The Golay Cell is has a high sensitivity and is stable. But it also responds slowly and is complex, so it’s generally used exclusively in laboratories.
Finally, there are thermopile IR sensors. A thermopile is composed of several thermocouples usually connected in series. Like a single thermocouple, it works on the principle of the thermoelectric effect, generating a voltage when the dissimilar metals in its thermocouples are exposed to a temperature difference.

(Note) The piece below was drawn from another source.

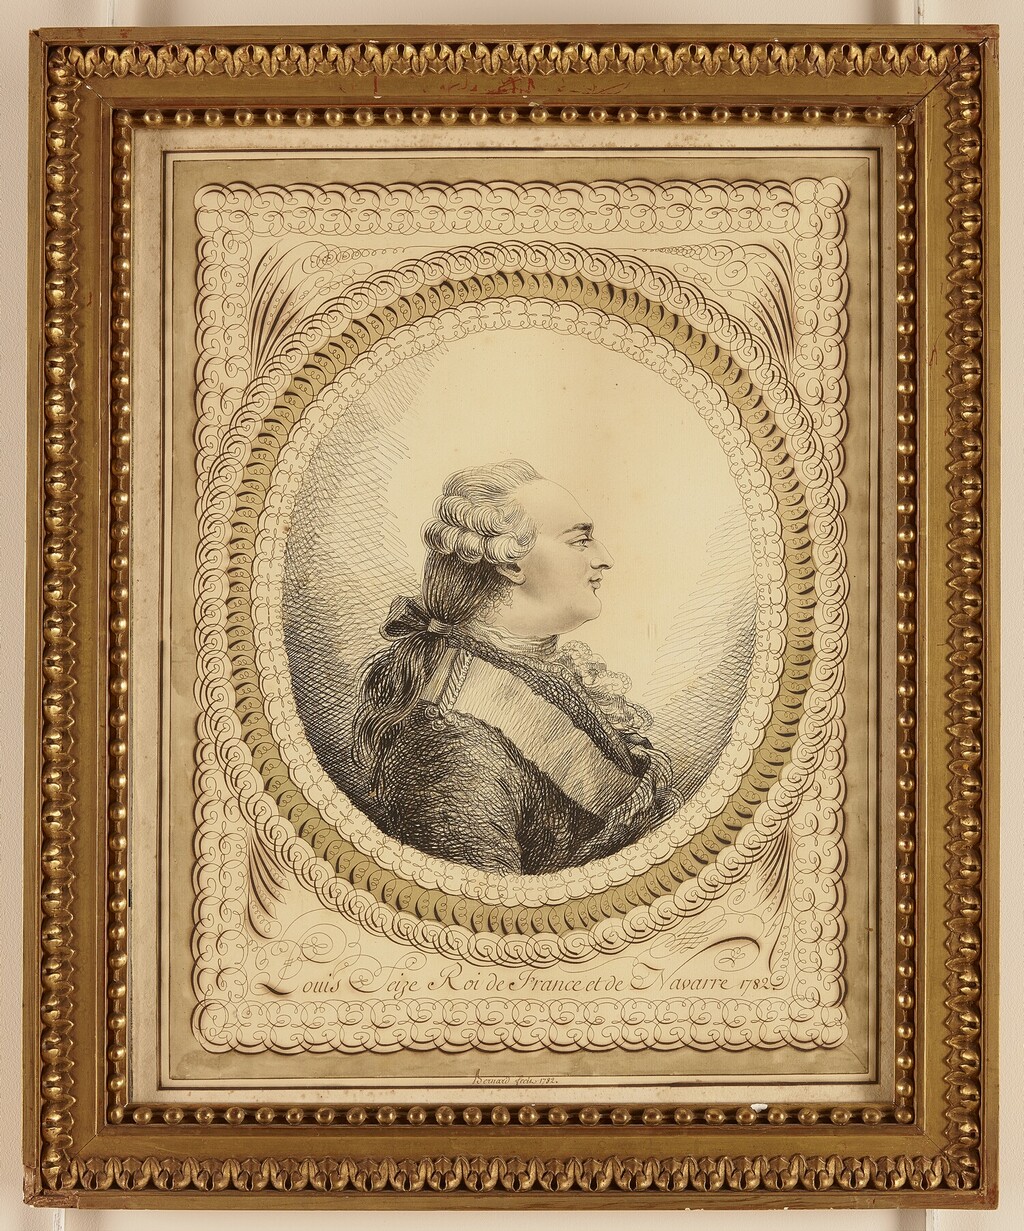 bernard - Les Bernard : portraits calligraphiques, dit au trait de plume, de Marie-Antoinette et Louis XVI Image218

As a brief review, thermocouples operate by measuring the temperature differential from their junction point to the point in which the thermocouple output voltage is measured. Where there is a difference in temperature between junctions and points of transition from one metal to another, a current is produced as if generated by a difference of potential between the hot and cold junction.
Thermocpiles use thermocouples connected in series with a junction located on either side of a thermal resistance layer. The output from the thermocouple pair will be a voltage directly proportional both to the temperature difference across the thermal resistance layer and to the heat flux through the thermal resistance layer. Adding more thermocouple pairs in series boosts the magnitude of the voltage output. Thermopiles can be constructed with a single thermocouple pair, composed of two thermocouple junctions, or multiple thermocouple pairs.
Thermopiles do not respond to absolute temperature; They generate a voltage proportional to a local temperature difference. Thermopiles are widely used in thermometers such as those for measuring body temperature. Spot thermometers also contain thermopiles.